ON THE VARIABILITY AND USE OF THE HYDRAULIC CONDUCTIVITY ALPHA-PARAMETER IN STOCHASTIC TREATMENTS OF UNSATURATED FLOW

The quasi-linear parameterization for unsaturated hydraulic conductivity K(PSI) = K(s) exp (alpha-PSI), where K is hydraulic conductivity, PSI is soil water matric potential, K(s) is saturated hydraulic conductivity, and alpha is a porous material parameter, has been used in both stochastic and deterministic models of unsaturated water flow in porous materials. In the stochastic approach, K(s) is assumed lognormally distributed, but alpha and the volumetric soil water capacity C = d-theta/d-PSI, with theta-volumetric soil water content, are assumed normally distributed. We point out here that alpha and K(s) are related to the same internal pore geometry of the soil. This interrelationship ensures that if K(s) is lognormal, then alpha, and possibly C, will also be lognormal. Additionally, we present preliminary field results which indicate that alpha is better described by a lognormal than a normal distribution.
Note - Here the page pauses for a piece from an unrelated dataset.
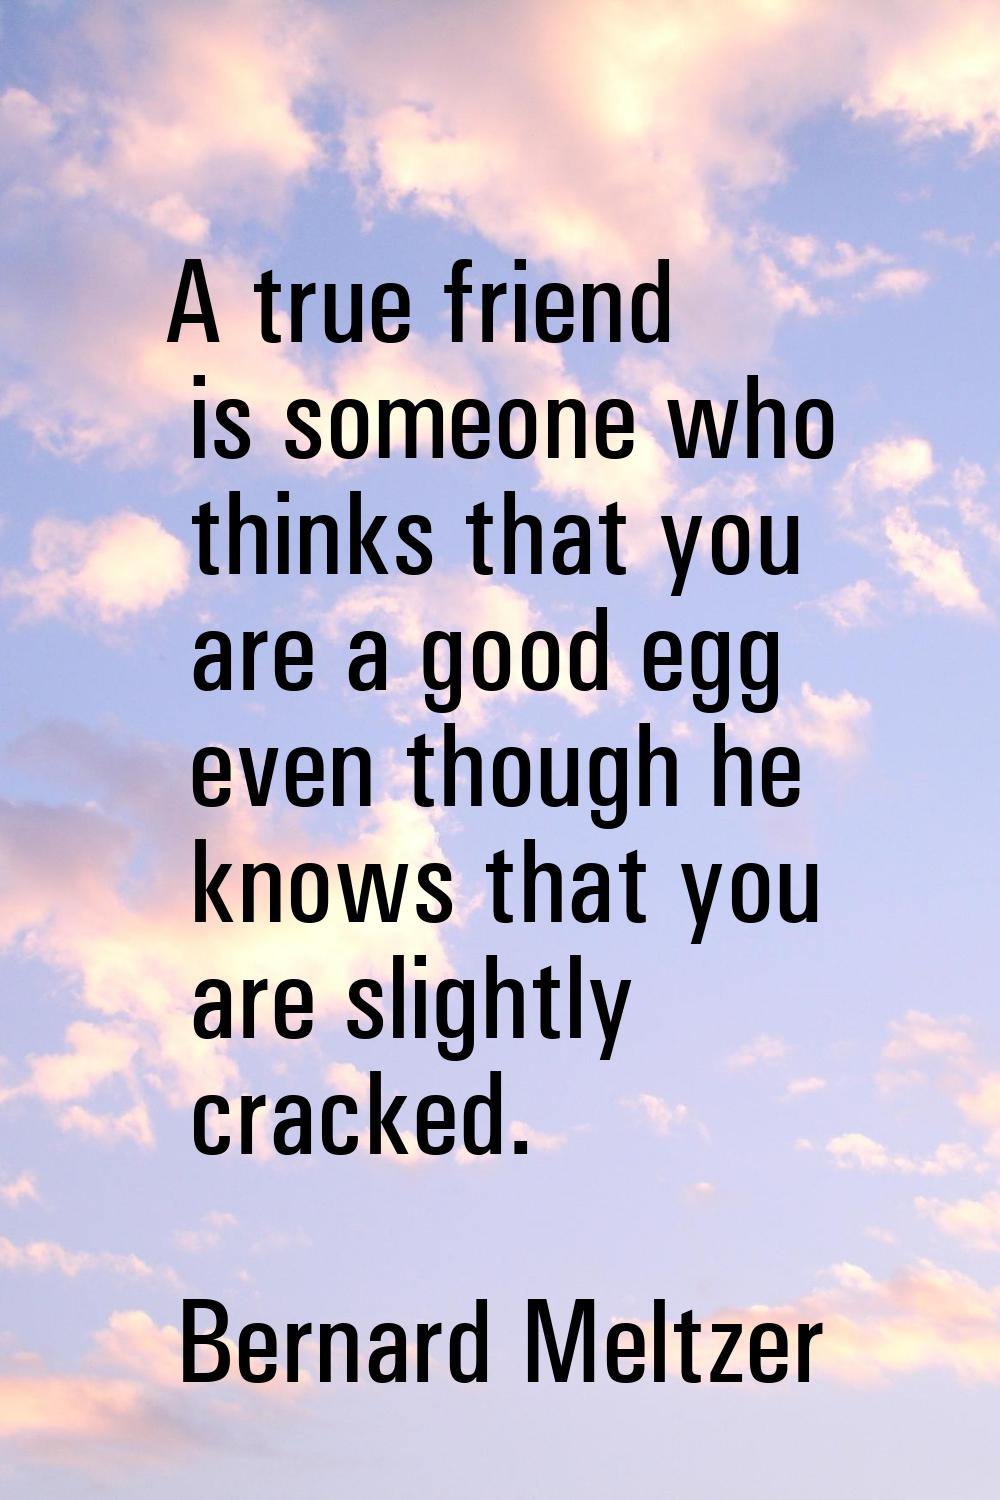 A true friend is someone who thinks that you are a good egg even though he knows that you are sligh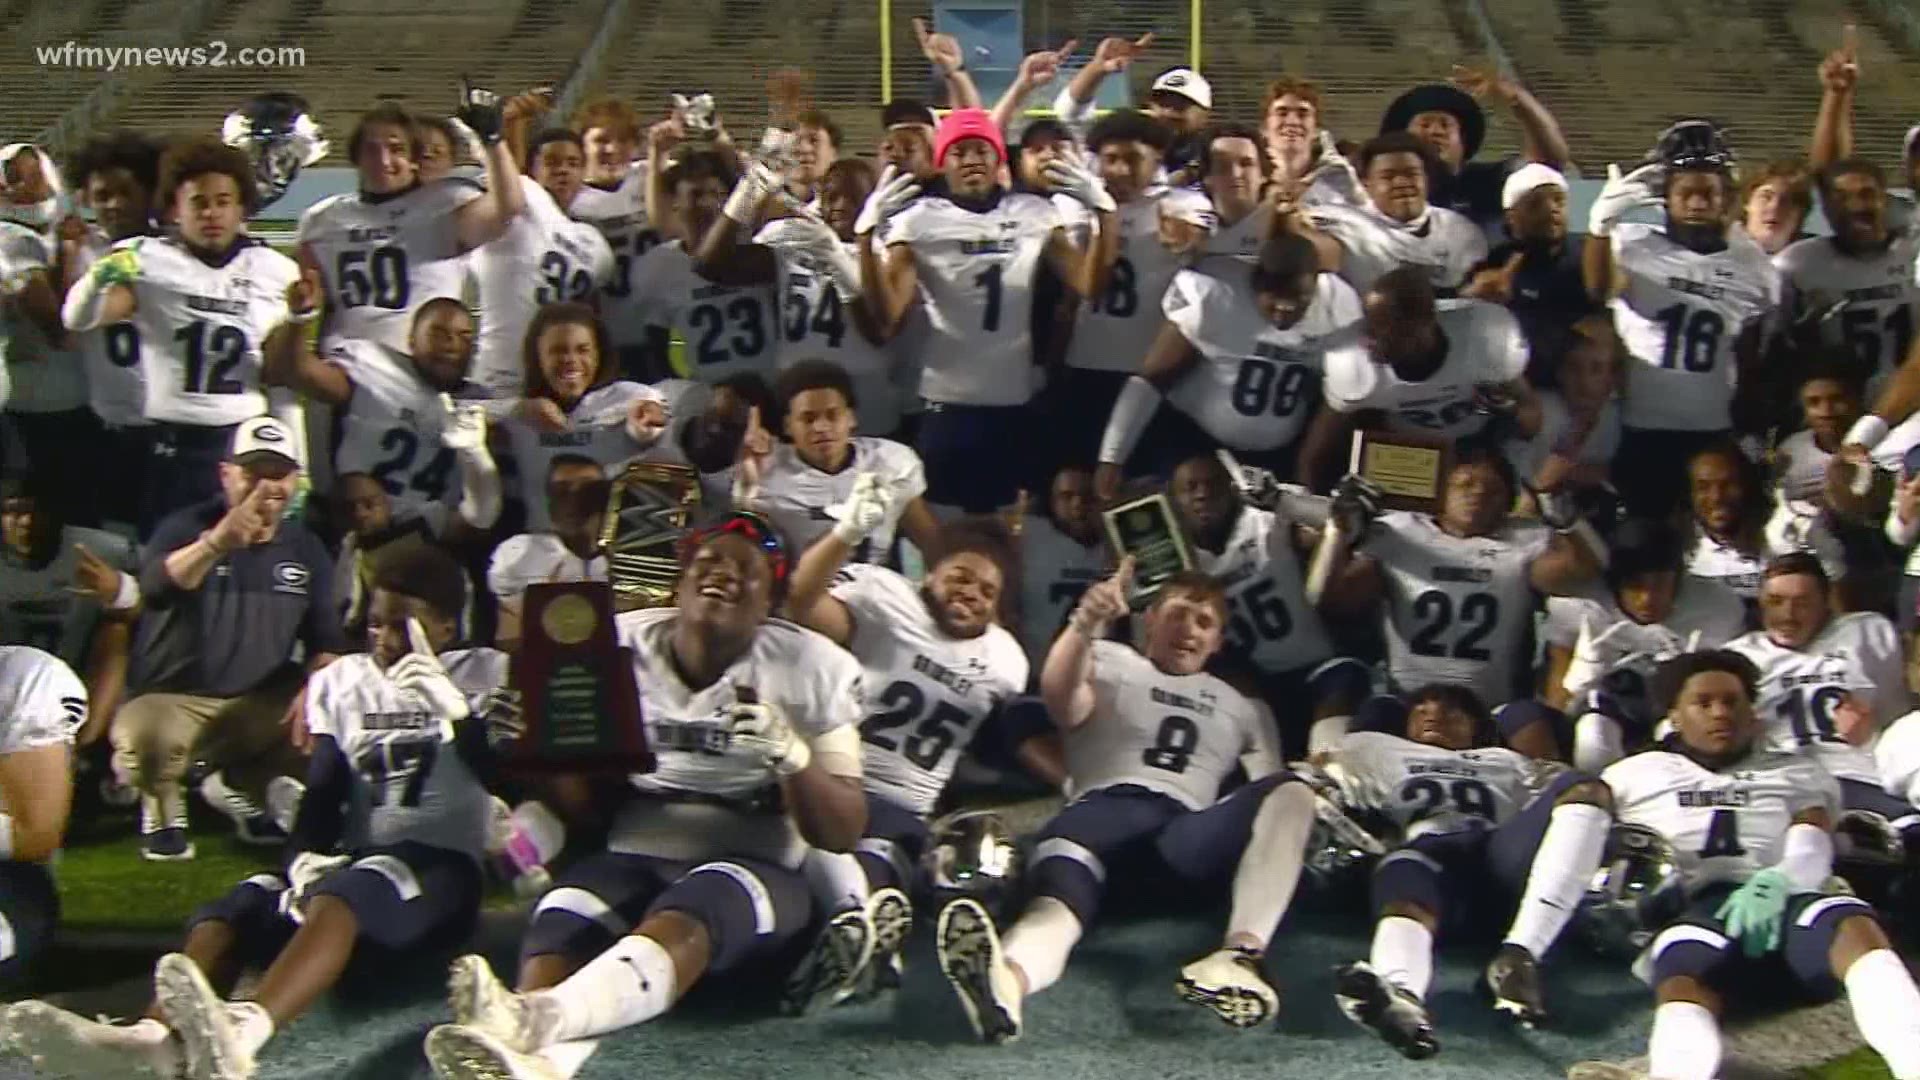 Grimsley won its first football title in 61 years. Seniors on the team reflected on the historic moment for their school.

The quasi-linear parameterization can be expected to be correct only in some integral sense. Predictions of increases in the variability of hydraulic conductivity with decreasing PSI may therefore be prejudiced by the use of the exponential form for K(PSI). Tests of the sensitivity of stochastic model predictions to both the parameterizations adopted for K(PSI) and the assumed distribution functions of parameters seem warranted. Reliable experimental evidence on field variability of K(PSI) and PSI(theta) at substantial negative values of PSI are also needed.